When UKIP attack parental leave, we’d rather stand with the Greens who want to extend it, than with the rest who just want everything to stay the same. When faced with relentless racism and attacks on freedom of movement, we’d rather stand up for those fleeing persecution than offer protections to big business to exploit us. With homophobic rhetoric from the Faragists being merely the thin end of an increasingly violent outpouring of hate across the continent, the record of the Scottish Greens in fighting side by side with queer Scots gives us confidence we can actively challenge this.
In the largest city in Scotland, environmental degradation is so severe that life expectancy is just above 70, there is at least a decade wide gap between how long the rich and the poor will live in Glasgow alone – the East End of the city is reckoned to contain areas which have the lowest life expectancy anywhere in the UK. Women born in Glasgow and West Dumbartonshire are the only women in the UK likely to die before the average male and around quarter of Glaswegian men won’t see their 65th birthday. We may differ in our priorities from some in the Green Party but when our living conditions are consistently made worse by the economic and political elite, we don’t think environmentalism is an optional extra.

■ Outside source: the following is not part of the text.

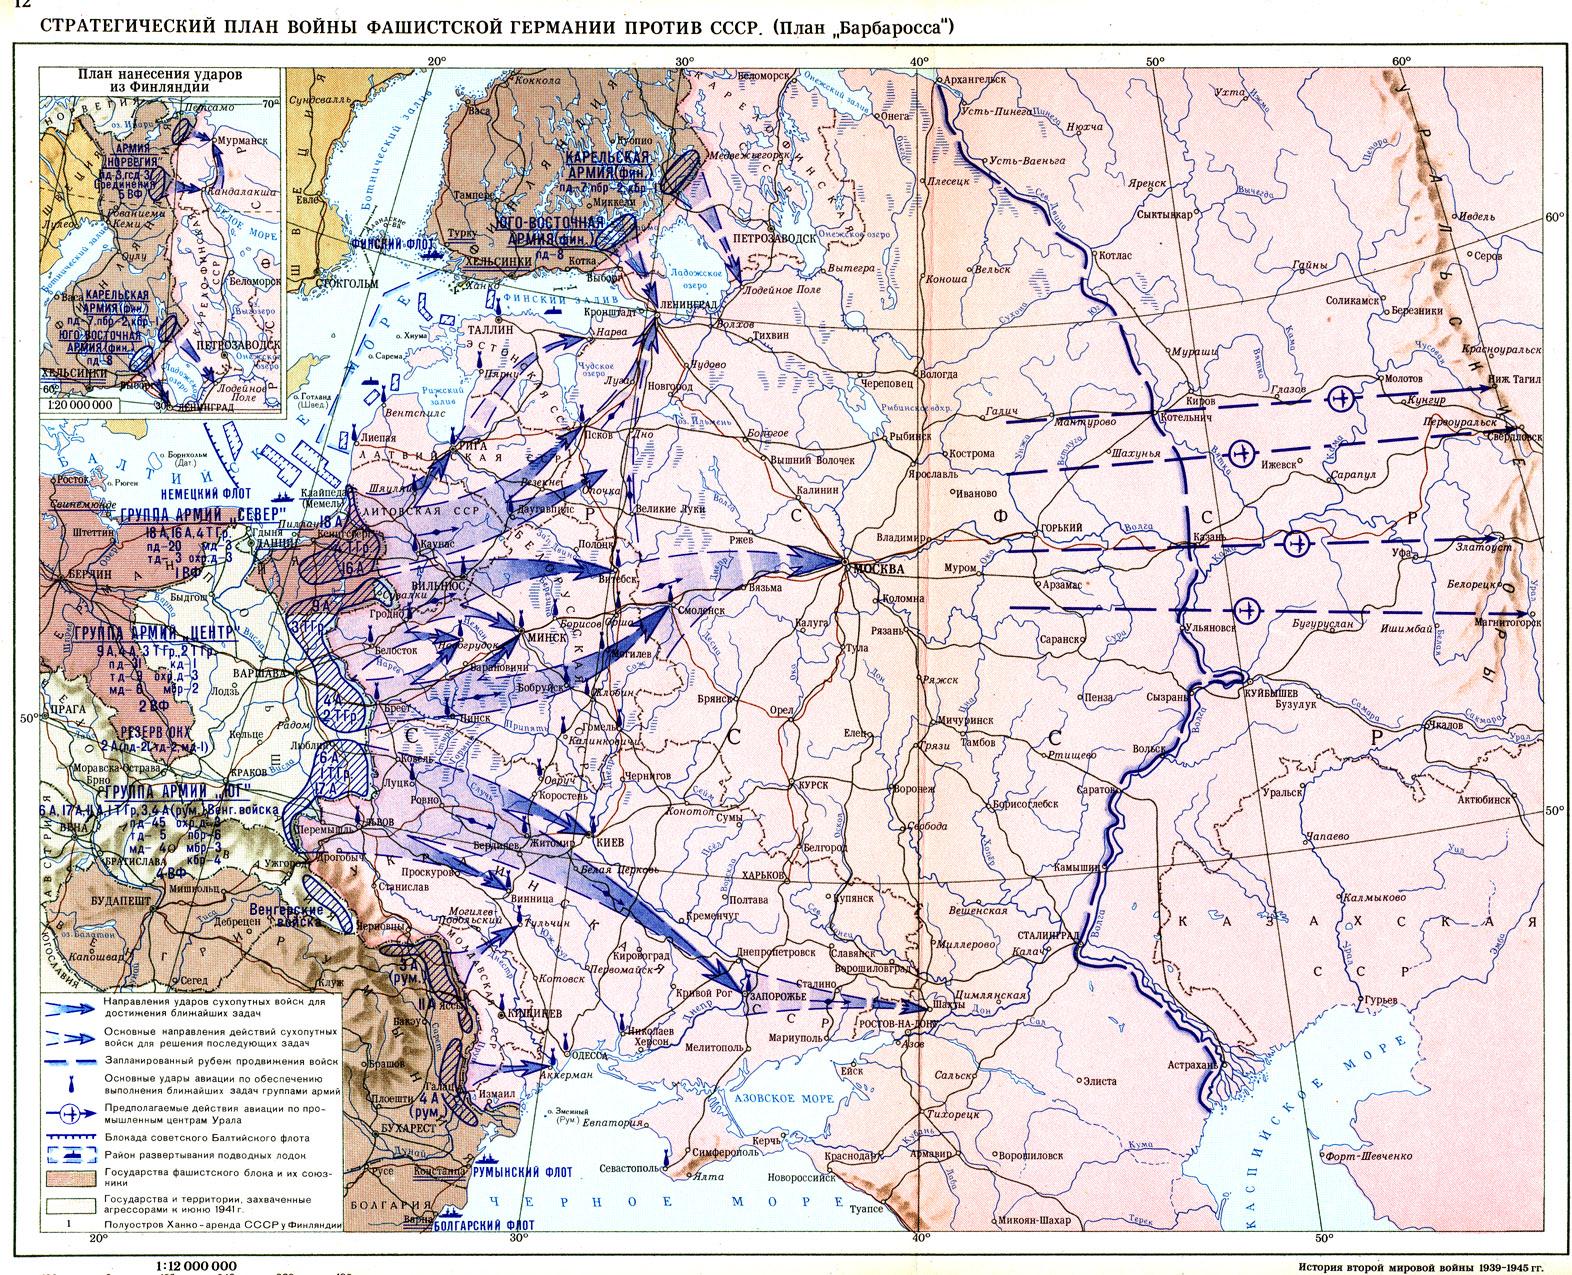 Карты военных действий Второй Мировой войны из русскоязычных   jpg1 Стратегический

This is about responding to the challenge posed by our opponents by saying we’re not just going to fall in line and say everything’s OK. The far-right cannot be allowed to be a distraction, used to undermine what little we still have; a bogeyman behind which the political elite can hide. If all we ever do is defend ourselves from attack, we never win anything. Scots on the dole, our pensioners, people who came here to build a better life, thousands of working poor on or below the breadline simply can’t afford for things to just not get worse.
Regardless of their views on the constitutional placement of specific nation-states within larger unions, all the mainstream parties but one have a record of defending the continuation of a mundane, militarised monarchy in a low-tax, low-wage Europe.
We can have a Scotland which stands proud in Europe, a Scotland which fights for economic, environmental and social justice, a Scotland which knows what it’s for, not just what it’s against, a Scotland that can get angry and get even.
We want to send a clear message that we’re just as fucked off with the state of Scotland as those who’re contemplating voting UKIP but we place the blame firmly where it belongs – not on people who happen not to have been born here or people who kiss people of the same gender – but on the economic and political system which is destroying our communities, our environment and our world. For A Thousand Flowers, a vote for Maggie and the Greens just seems really blooming obvious.